TDM + CMOS Sensor + Lightweight Algorithm = 3D Vision (Source: AIRY3D)

All this processing is hardware agnostic and can be performed on any processing platform—CPU, GPU, NPU, DSP, FPGA, ASIC/SoC, etc.

The result is a high real-time frame rate providing perfectly aligned 2D images with 3D depth maps without any additional processing required.

The applications for this technology are limited only by our imaginations but include things like automotive sensors (including in-cabin occupancy), industrial sensors, mobile sensors, robotics sensors… the list goes on. For example, this video shows some members of AIRY3D’s optics team taking a short road trip.

The left-hand side of the screen shows a regular black-and-white image, while the right-hand side reflects the frame-synched 3D depth map. The regular image could be passed to an AI, which could also make use of the associated depth information.

Another example that really caught my eye was a demonstration of a video conferencing application whose “background blur” algorithm has been augmented with 3D depth perception as shown below.

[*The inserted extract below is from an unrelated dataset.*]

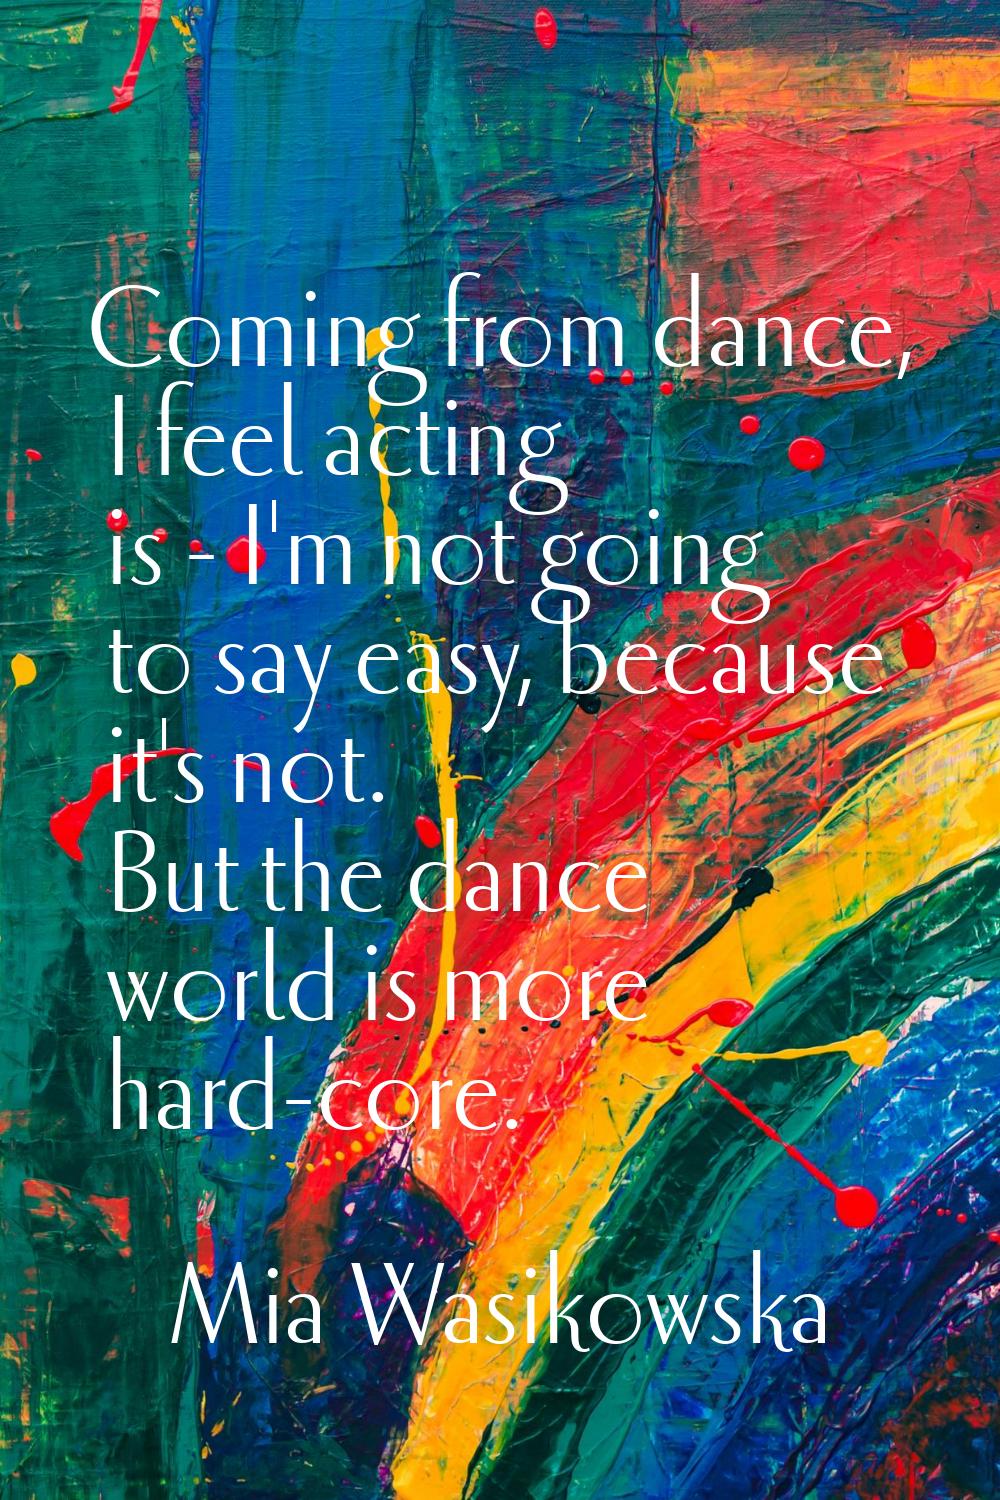 Coming from dance, I feel acting is - I'm not going to say easy, because it's not. But the dance wo

Funnily enough, this happened to me just the other day. I was on a video call with someone who was trying to show me something, but his system kept on blurring it out. Eventually, he turned the blur off, revealing a very untidy room (I could see why he wanted to use the blur filter).

I tell you… I can see so many applications for this sort of thing. And the important point to note here is that this isn’t all a “pie in the sky” theoretical prototype. The folks at AIRY3D are working with various partners on a variety of real-world products. For example, consider the recent announcement of the launch of Teledyne e2v’s Topaz5D featuring AIRY3D’s technology. This 1,920 x 1,080 resolution, low noise, global shutter 2D and 3D image sensor can be used to power many next-generation applications, from smart doorbells to industrial handheld scanners to automated mobile robots (AMRs).

All I can say is “O-M-Goodness gracious me. What will they come up with next?” But it’s not all about me (it should be, but it’s not). What do you think about all of this?